By Seth Godin via sethgodin.typepad.com Article
“Human beings make rational decisions in our considered long-term best interest.
Actually, behavioral economics shows us that people almost never do this. Our decision-making systems are unpredictable, buggy and often wrong. We are easily distracted, and even more easily conned. …
The free market is free.
The free market only works because it has boundaries, rules and methods of enforcement. Value is created by increasing information flow and working to have as many contributing citizens as possible.
Profit is a good way to demonstrate the creation of value.
In fact, it’s a pretty lousy method. … Profit is often a measure of short-term imbalances or pricing power, not value. I hope we can agree that a caring nurse in the pediatric oncology ward adds more value than a well-paid cosmetic plastic surgeon doing augmentations.
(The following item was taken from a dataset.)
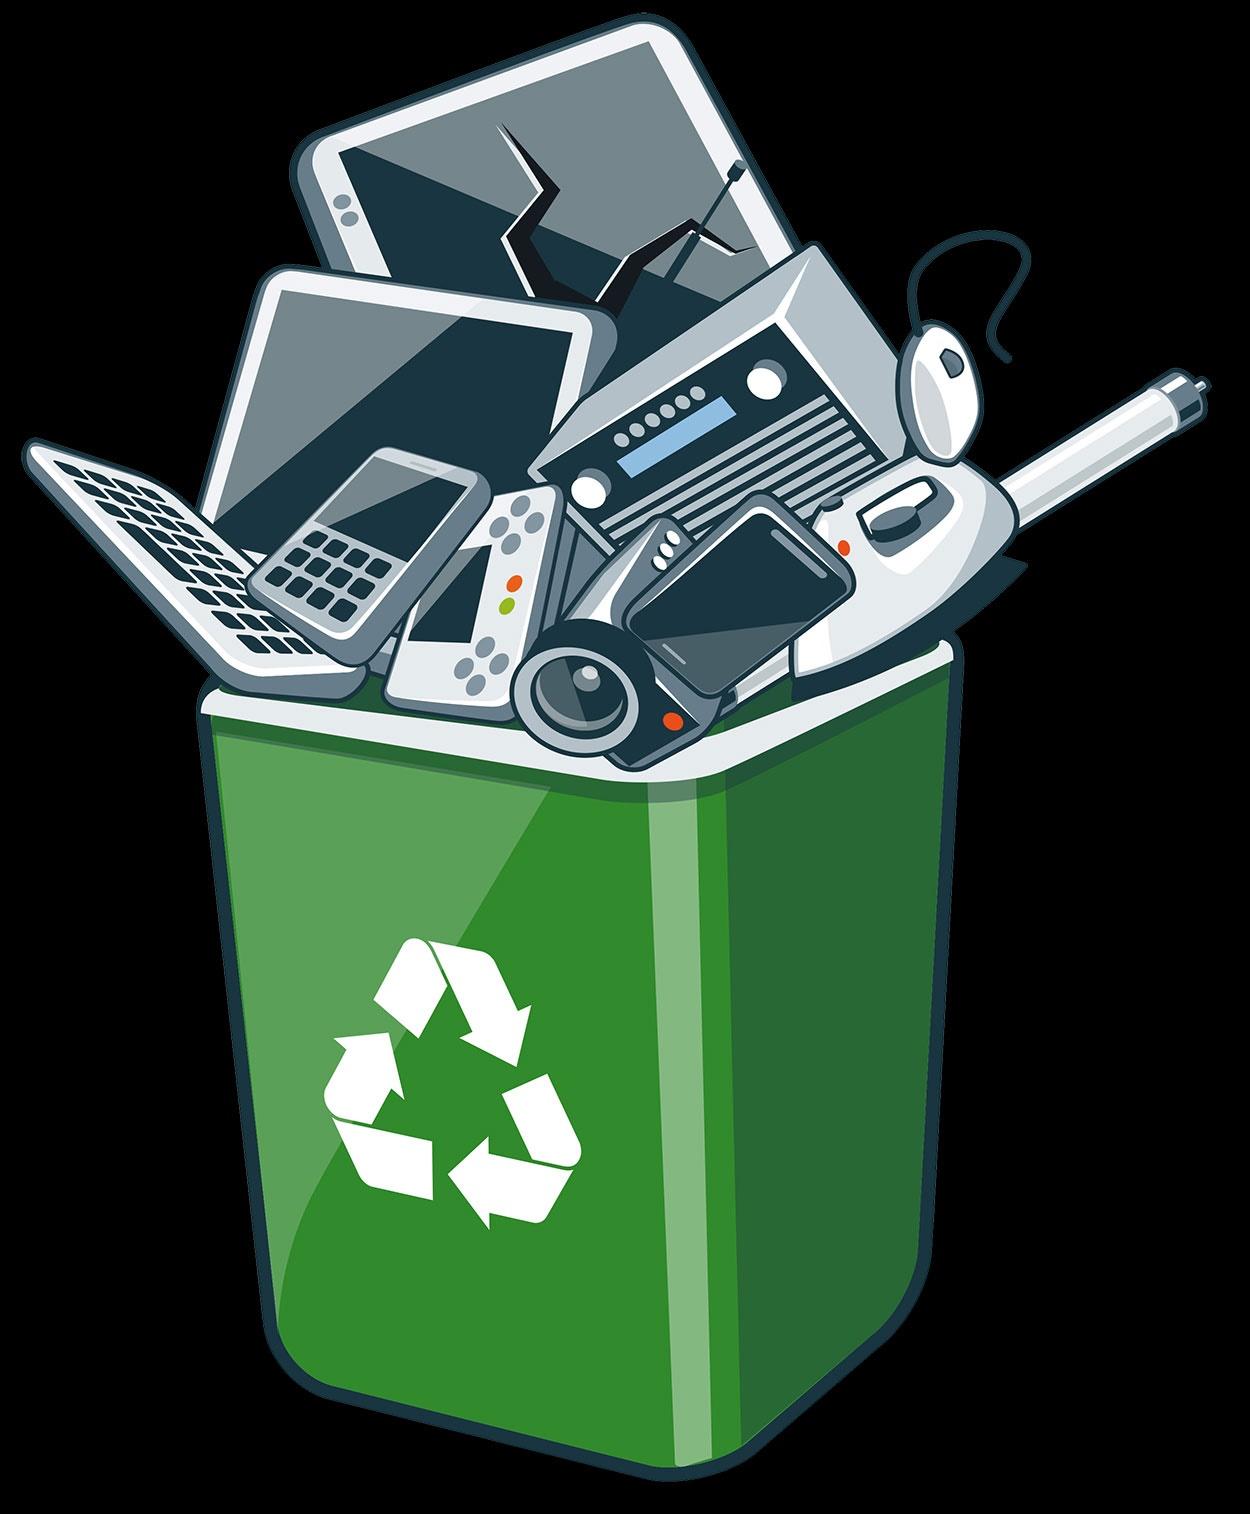 خرید پسماندهای الکترونیکی از شهروندان در غرفههای بازیافت
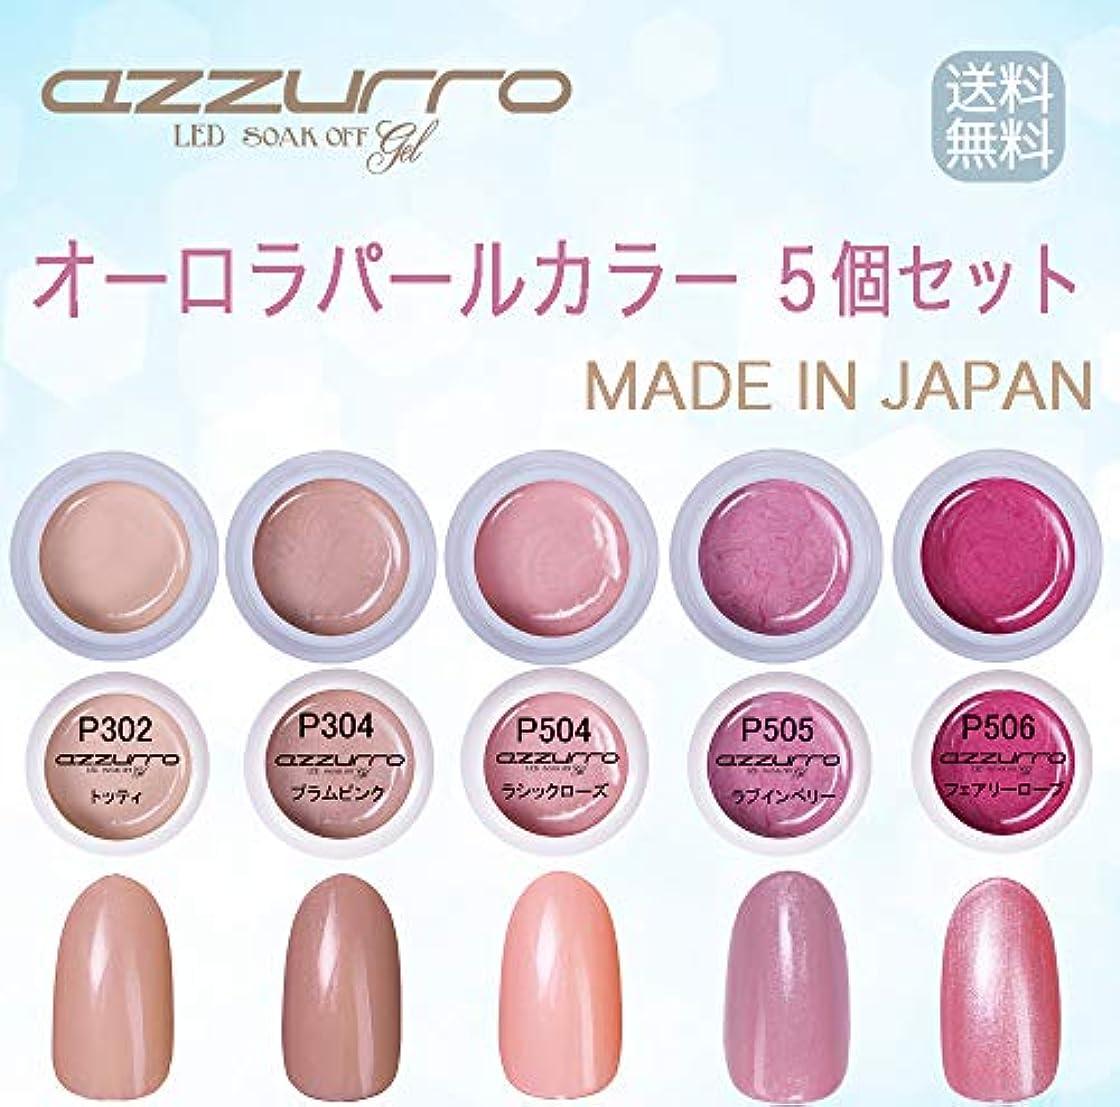 【送料無料】日本製 azzurro gel オーロラパール ジェル5個セット 上品な輝きのパールカラー

People with more money might pay more, but that doesn’t equate to value. …
The price of a stock represents the value of the company.
It turns out that the price of a stock merely reflects what a few people decided to trade it for today. Tomorrow, it will certainly be different, even if nothing about the company itself changes. There’s very little correlation with how the traders come to value a company in the market and how much value a company actually creates.
The only purpose of a company is to maximize long-term shareholder value.
Says who? Is the only purpose of your career to maximize lifetime income? If a company is the collective work of humans, we ought to measure the value that those humans seek to create.”